§ **The records**
________________

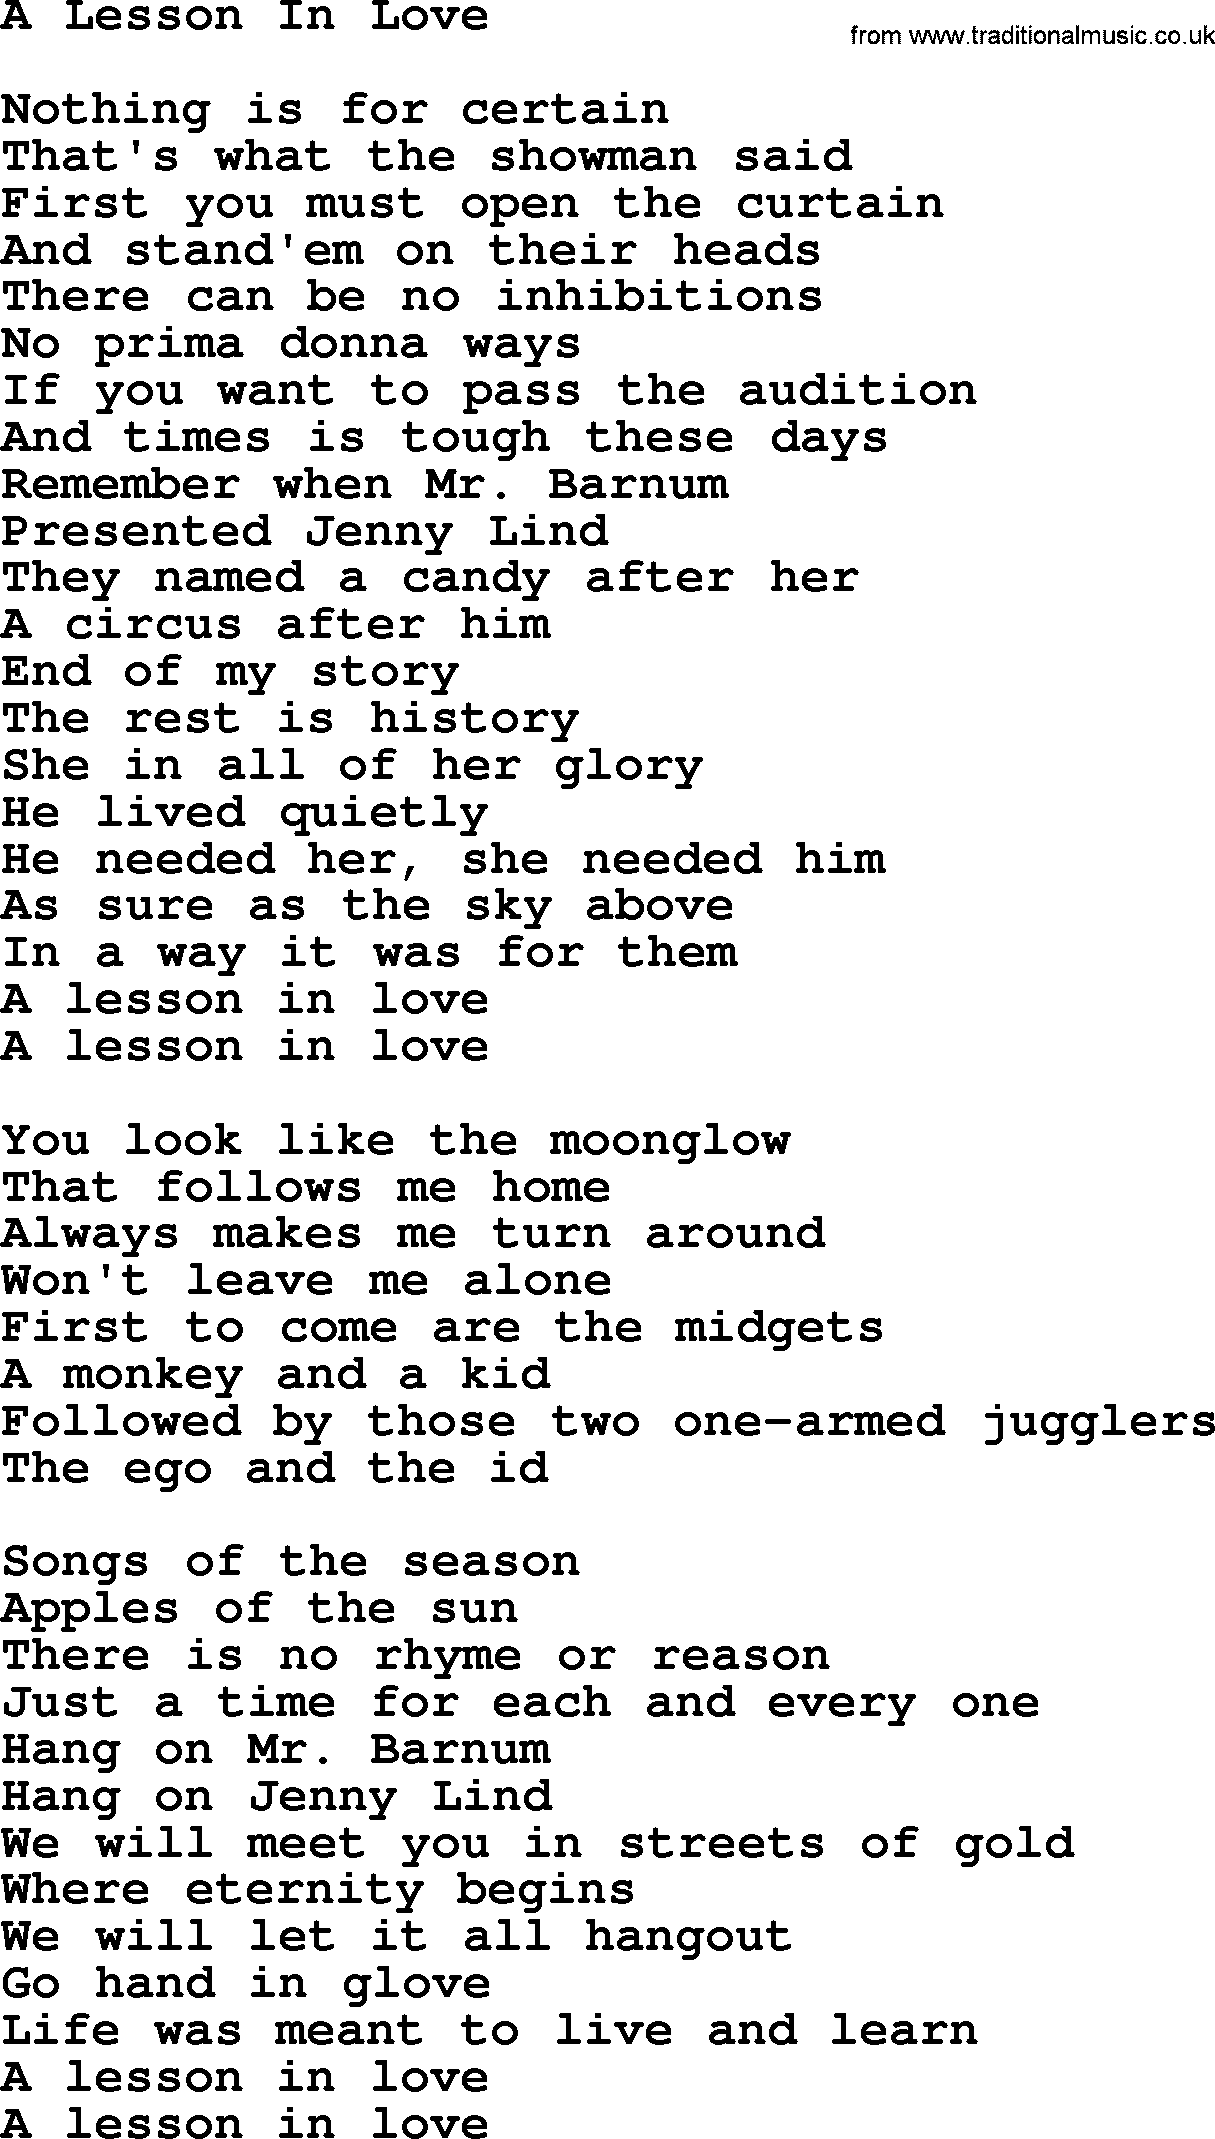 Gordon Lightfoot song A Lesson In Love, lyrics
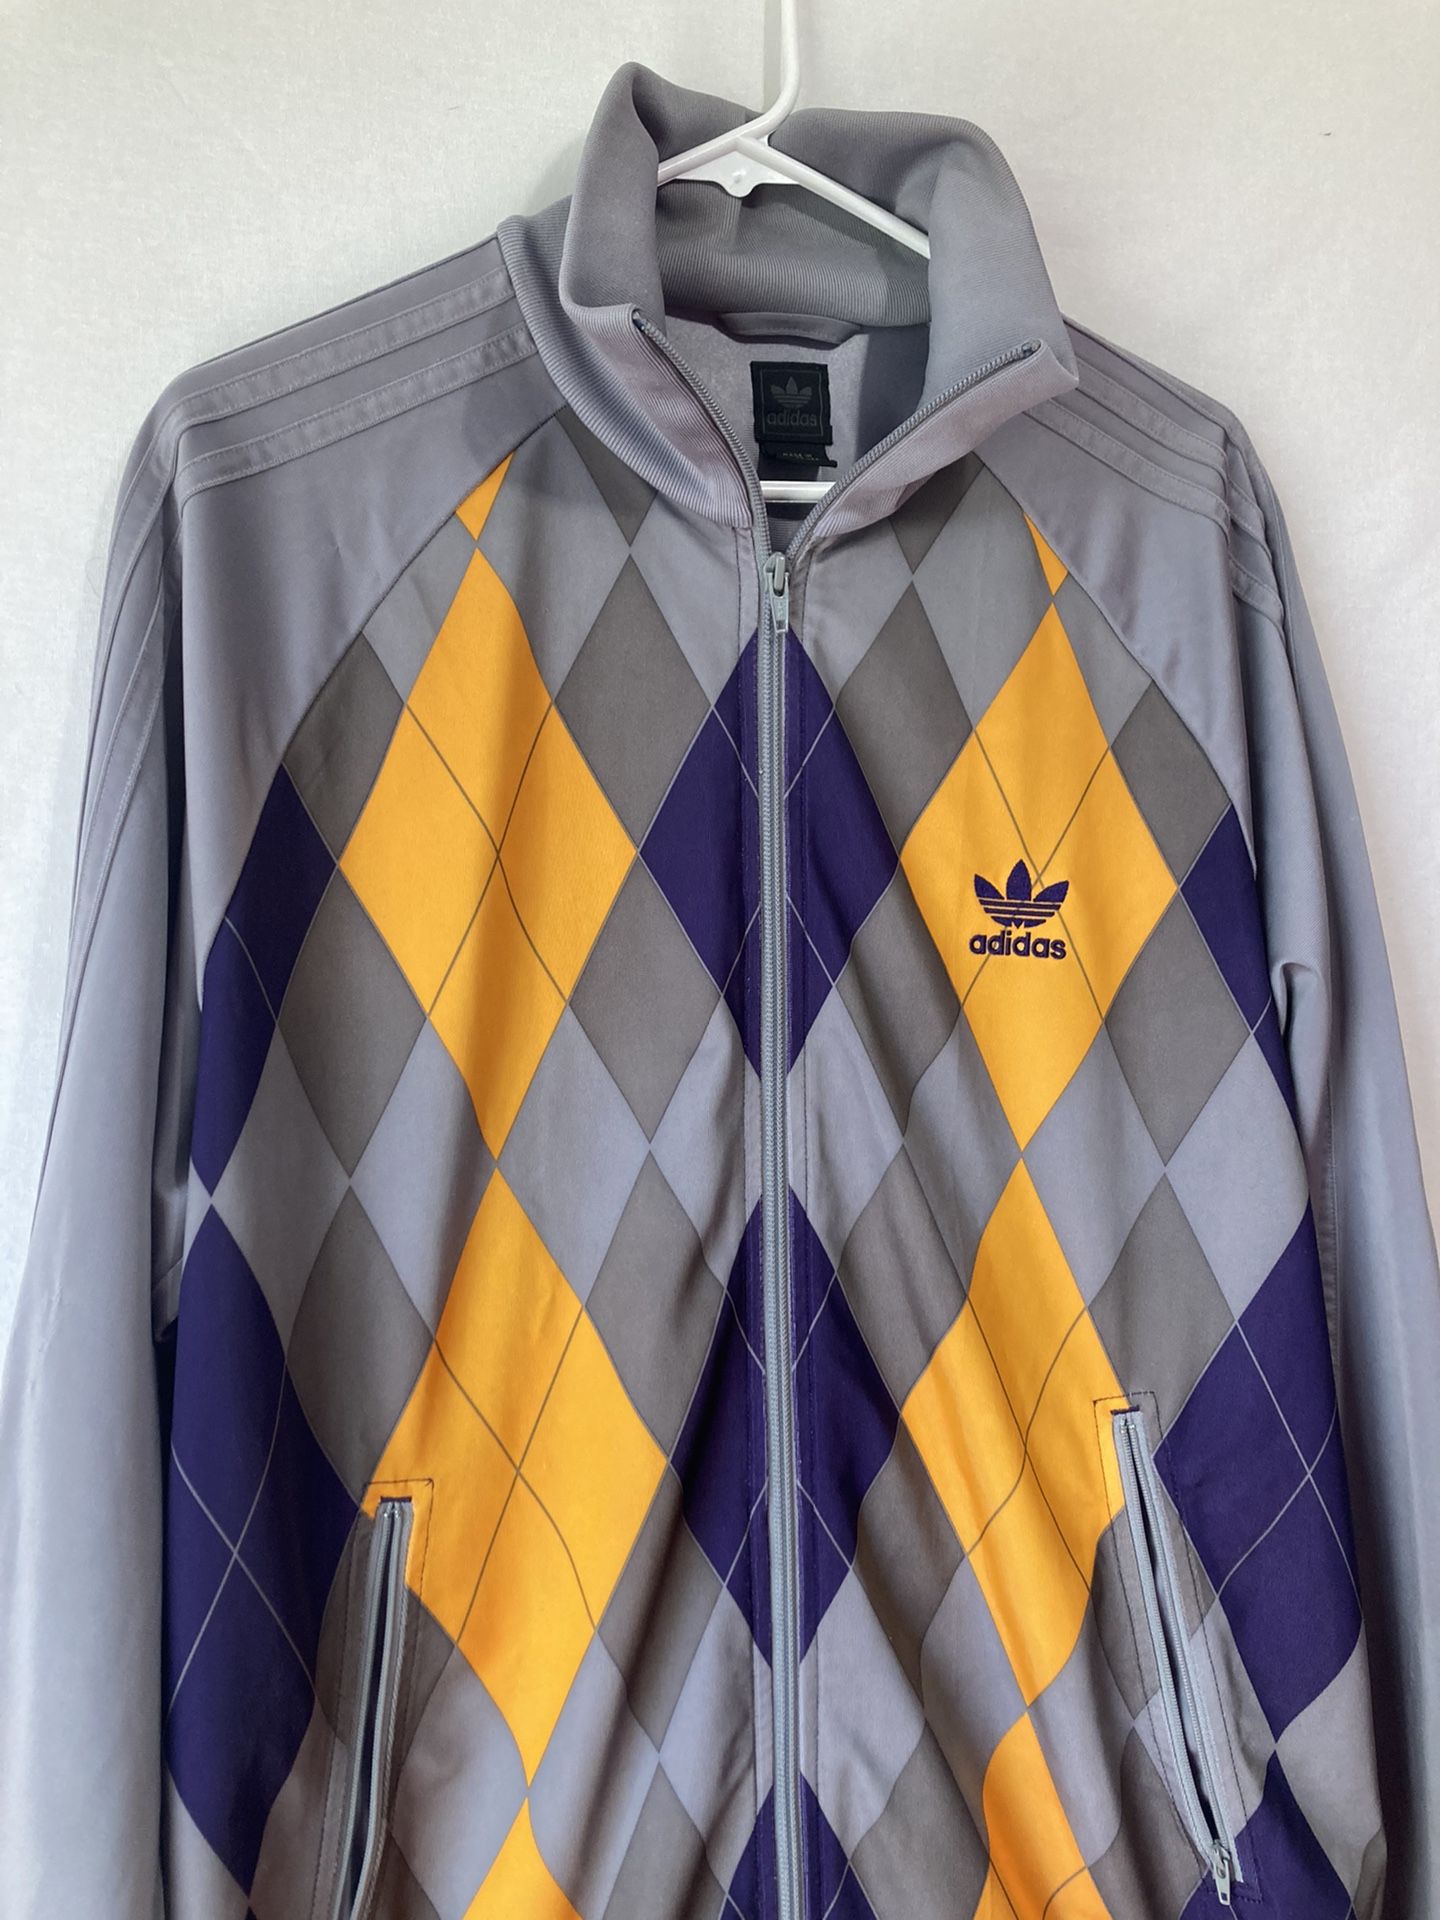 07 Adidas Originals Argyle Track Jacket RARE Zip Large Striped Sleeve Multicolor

________________

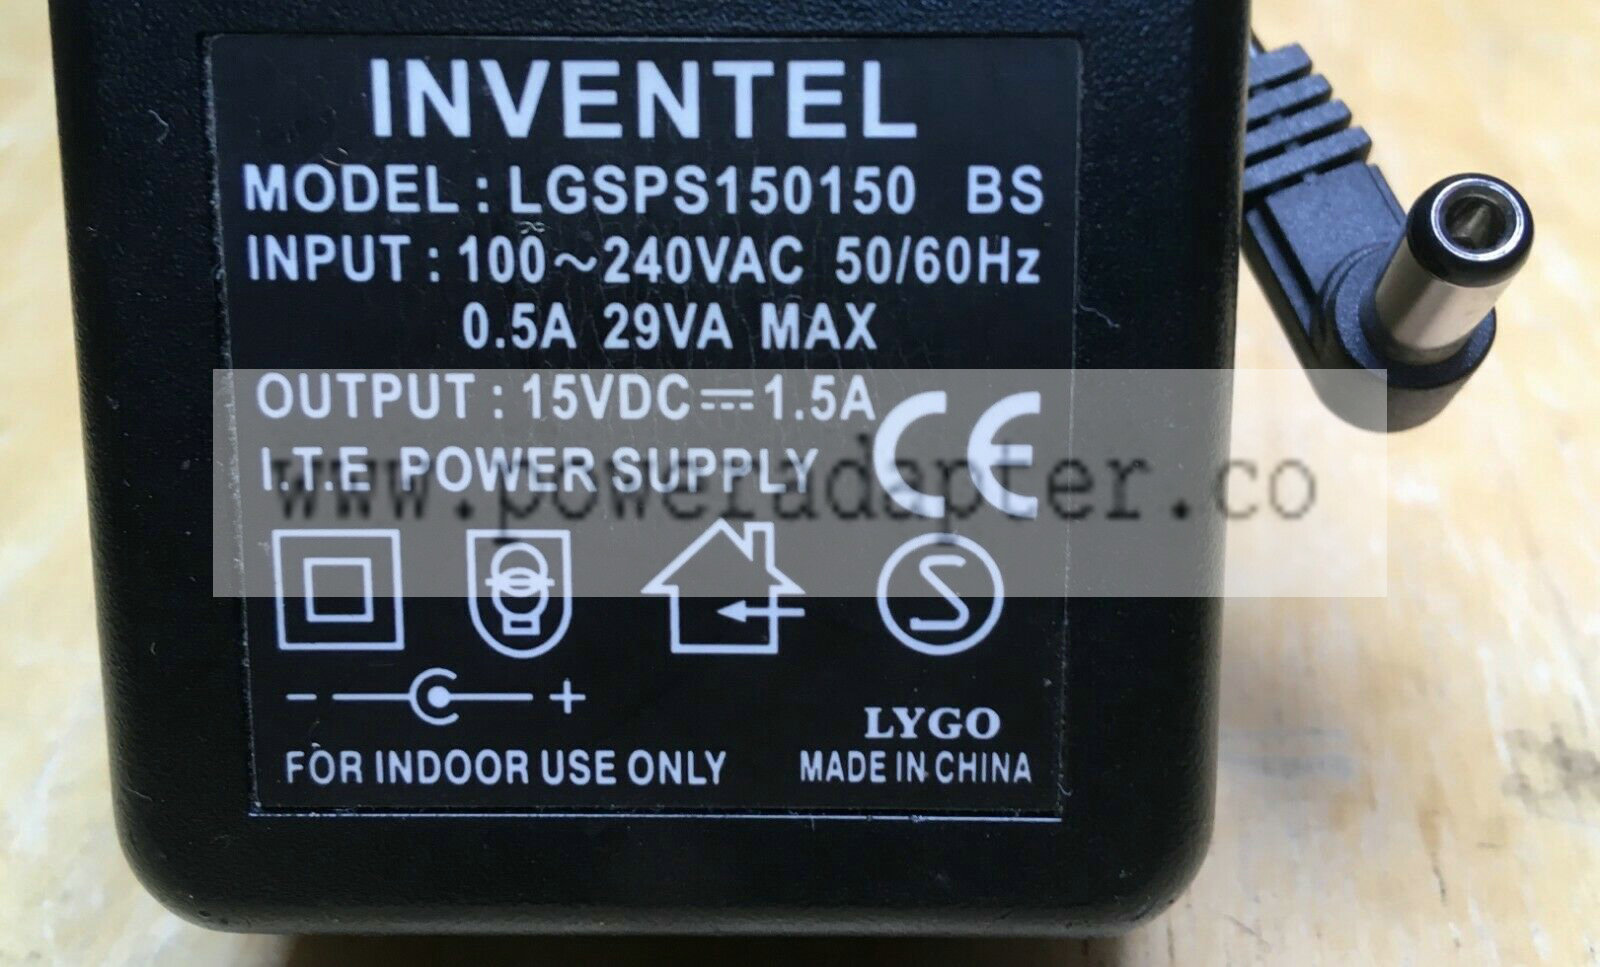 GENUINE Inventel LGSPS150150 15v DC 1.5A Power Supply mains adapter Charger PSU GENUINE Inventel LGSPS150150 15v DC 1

________________

§ **Exercise directions**
Output exactly, and only, the lines of the entries above from the one with "Gordon Lightfoot song" up to and including the one with "07 Adidas Originals"; pictures are to be left out.

§ **Answer to the problem**
 Gordon Lightfoot song A Lesson In Love, lyrics
 07 Adidas Originals Argyle Track Jacket RARE Zip Large Striped Sleeve Multicolor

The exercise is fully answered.